Aveva gli occhi chiusi e sembrava quasi rilassata.
«Adesso uccidimi, ti prego. Nel nome di quello che c'è stato fra noi, Neeno... poni fine alla mia esistenza, non ne posso più di viverla!»
L'accontentai.
«Ti ho amata a lungo, Sarmen, e avrei voluto un destino diverso per noi due», dissi piangendo.
***

Oggi
Il corpo d'ombra di Neeno superò l'arco a sesto acuto con la spada lunga impugnata con la destra. Entrò in una sala meno larga ma molto più lunga della prima. La parete sinistra era affrescata con immagini oscene di sacrifici umani e di orge: Neeno si domandò se il suo Dio conosceva la mente di Yznar e, se era così, come mai non lo puniva! I seguaci di Muhadd avrebbero dovuto praticare l'ascesi e l'astinenza.
La parete sulla destra alternava grandi finestre decorate con mosaici a statue di numerosi Dei pagani e fiere mitologiche. Percorreva la sala in silenzio e sentiva i suoi passi rimbombare lungo il corridoio di marmo bianco. Nessun disegno ornava né il pavimento, né il soffitto.
Non c'era altra fonte di illuminazione che le finestre eppure la luce era diffusa uniformemente nella grande sala e non c'erano ombre. Non si stupì di questo: aveva vagato nelle menti di molti dei suoi avversari, ed erano pochi coloro che conoscevano il segreto di differenziare le luci nei loro mondi interiori.
Ciò che lo stupiva di più era il fatto che, più camminava, più la sala sembrava diventare lunga: non sembrava esserci una fine. Gli sembrò evidente che ciò che cercava doveva trovarsi lì da qualche parte.
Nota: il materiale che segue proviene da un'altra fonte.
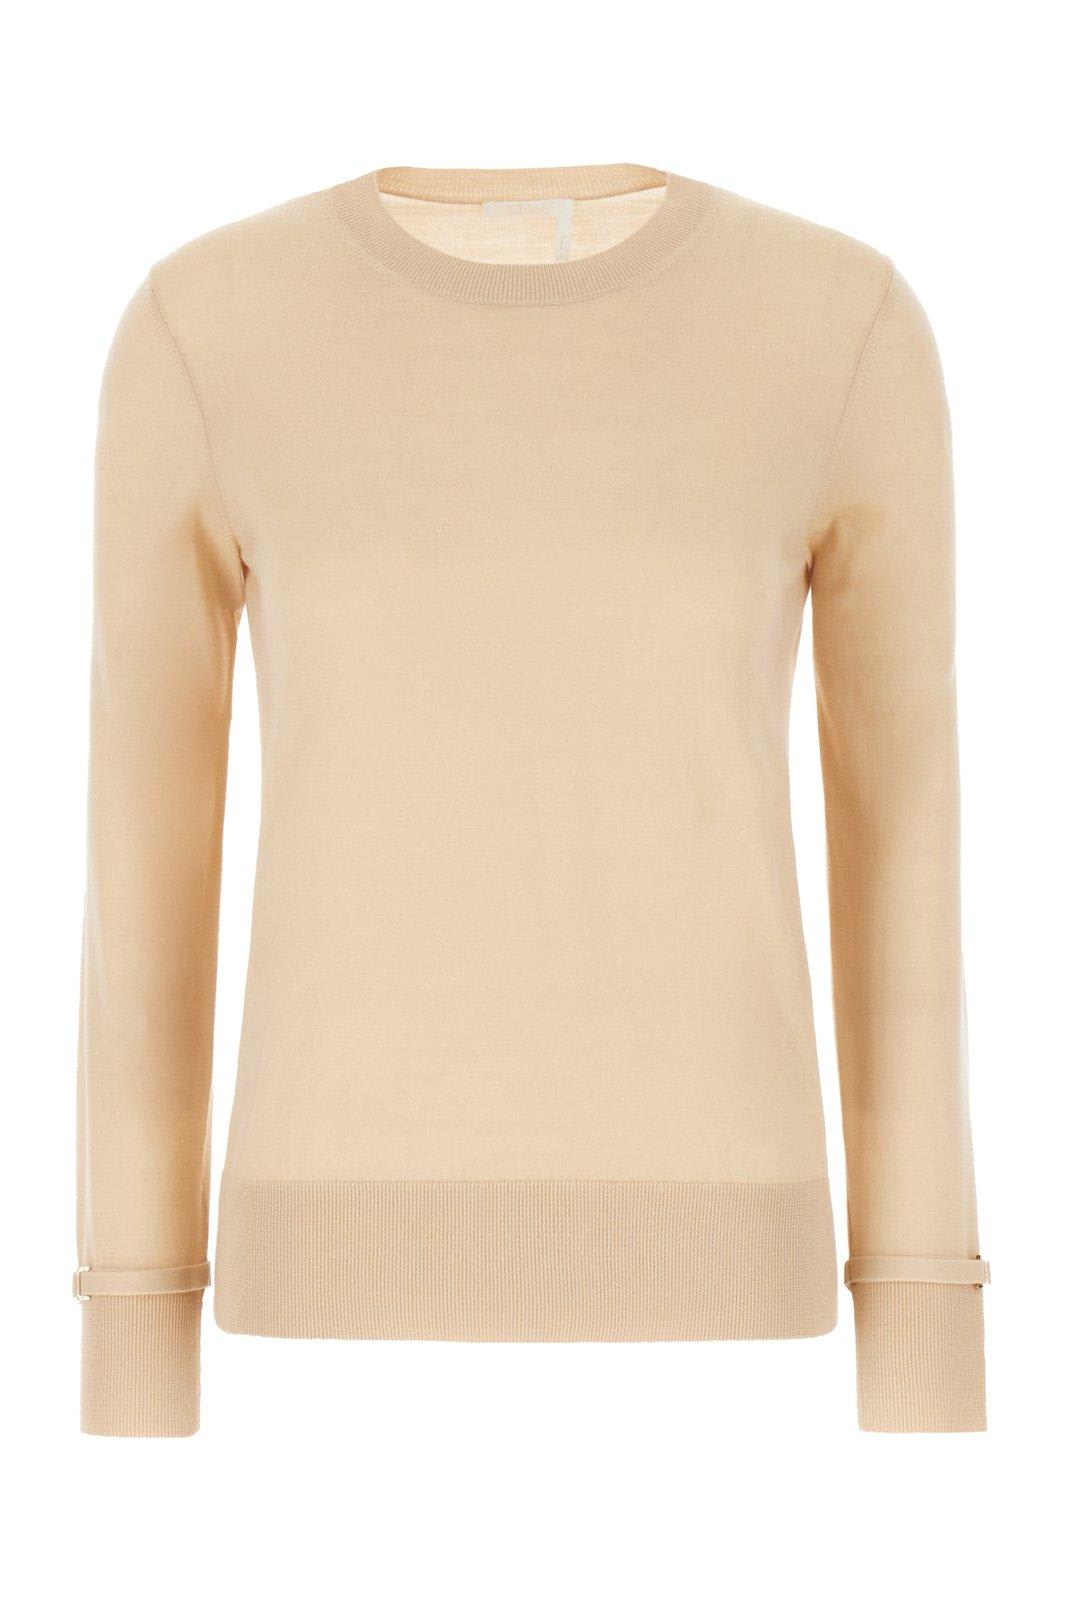 Shop Chloé Crewneck Knitted Jumper In Hot Sand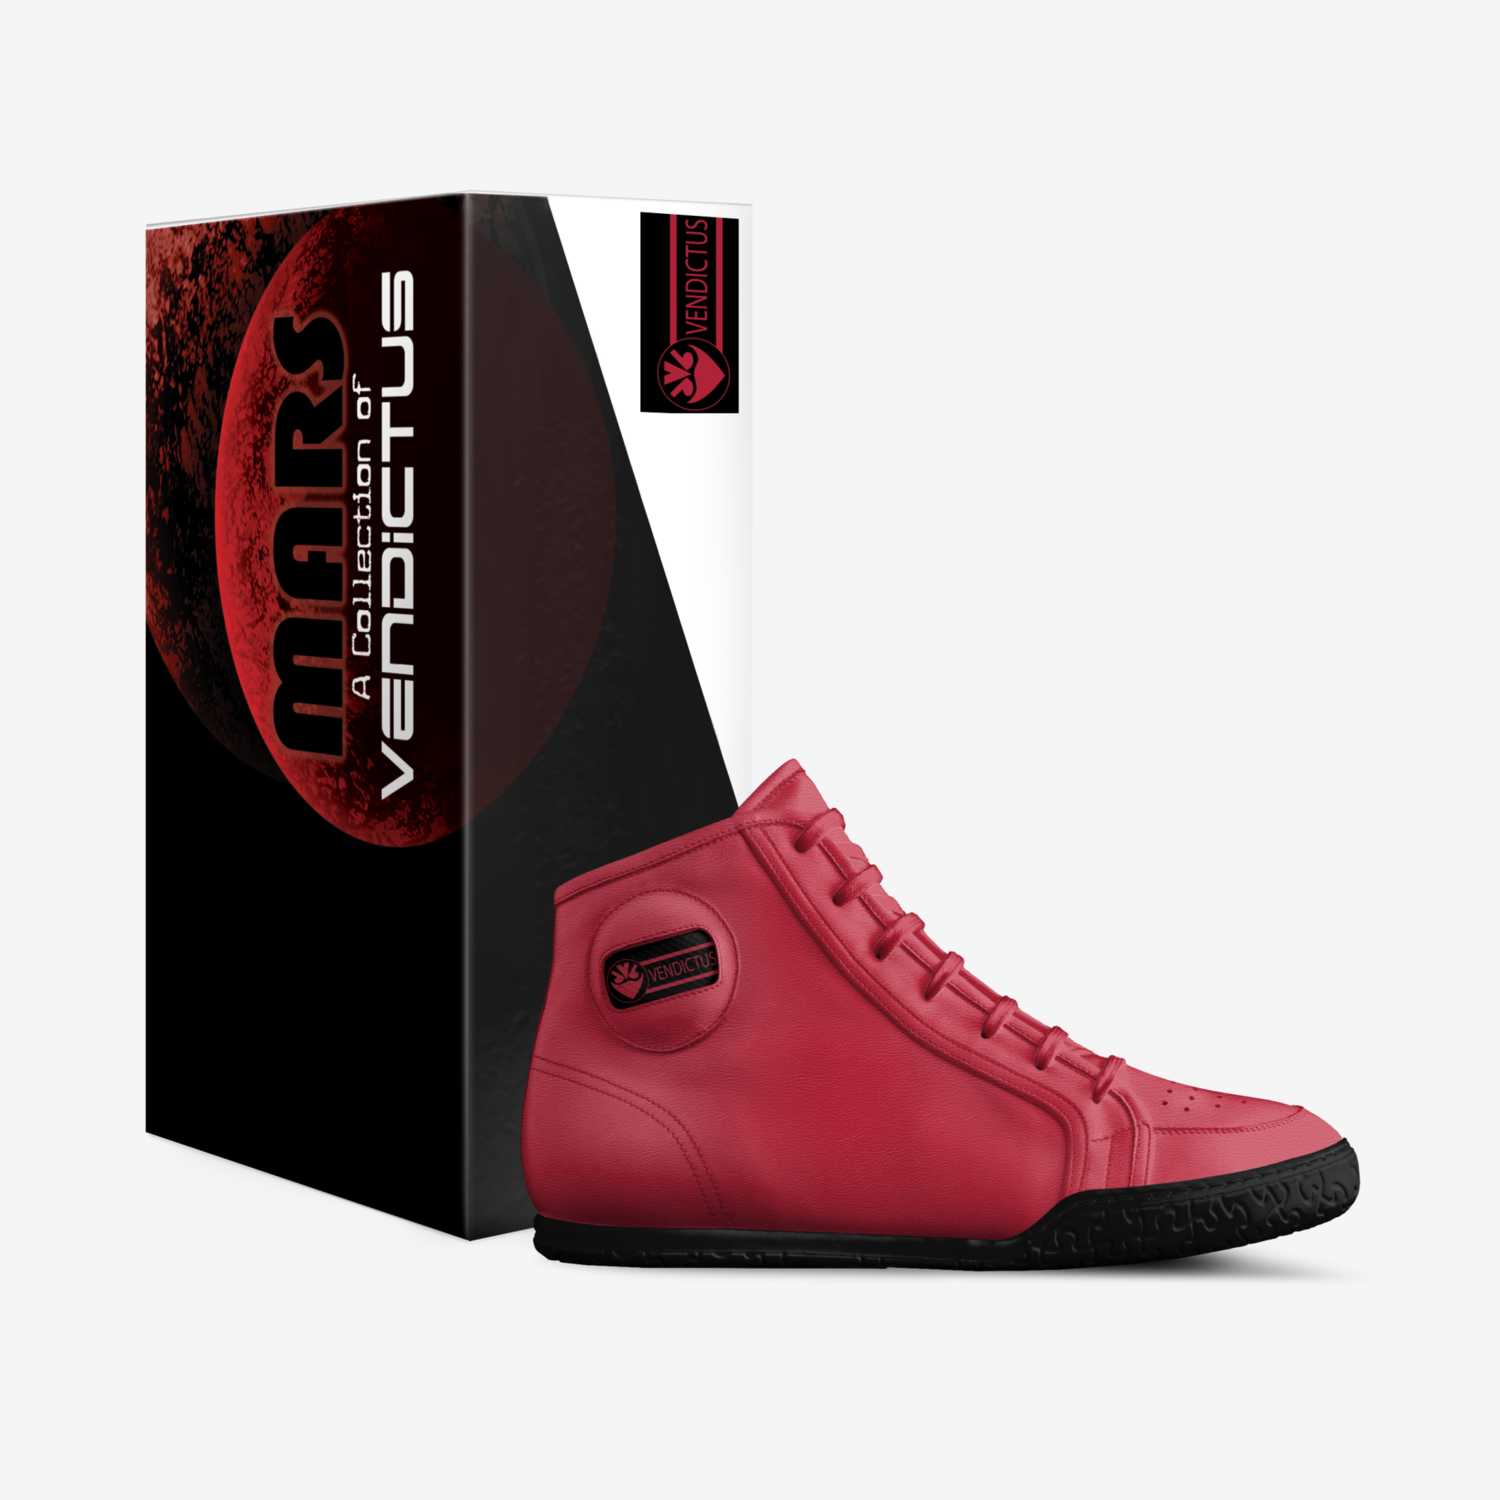 Vendictus custom made in Italy shoes by Lawrence Brooks | Box view

Yznar recitò la litania che doveva seguire lo sversamento del liquido. Era un linguaggio oscuro, che Neeno non comprese: si lasciò un istante per scrutare il suo corpo d'ombra e agì senza ulteriori indugi. Attaccò il suo avversario mentre questi recitava l'incantesimo, ma non riuscì a raggiungerlo. Ebbe la sensazione che un muro di energia lo trattenesse, ma fu per poco: l'incantesimo ebbe successo e Neeno si trovò circondato da una dozzina di avversari armati di spada e scudo, protetti da alti elmi di ferro.
Lo spadaccino rimase scioccato quando si rese conto che a circondarlo erano state le statue poste a guardia dell'altare!
Tuttavia dovette riprendersi immediatamente dallo stupore iniziale, poiché le statue lo attaccarono tutte insieme. Si trovò a schivare corpi di pietra e lame d'acciaio, intercettando e deviando colpi portati con violenza inusitata.
Yznar si teneva lontano dallo scontro, ridendo soddisfatto perché il suo avversario stava per soccombere. L'Inquisitore tentò nuovamente di accedere al suo corpo d'ombra, ma non vi riuscì neanche stavolta.

«Forse non riuscirò a entrare nel mio corpo d'ombra, spadaccino, ma posso aiutare i miei guerrieri di pietra a distruggerti qui e adesso, così il tuo corpo d'ombra sarà per sempre relegato nel mio mondo interiore e potrò sfruttare tutti i tuoi poteri!», urlò lanciandosi all'attacco.
Neeno pensò: “Sono vicino, mi basta solo un altro minuto! Devo resistere!”, poi nient'altro lo distrasse dalla lotta.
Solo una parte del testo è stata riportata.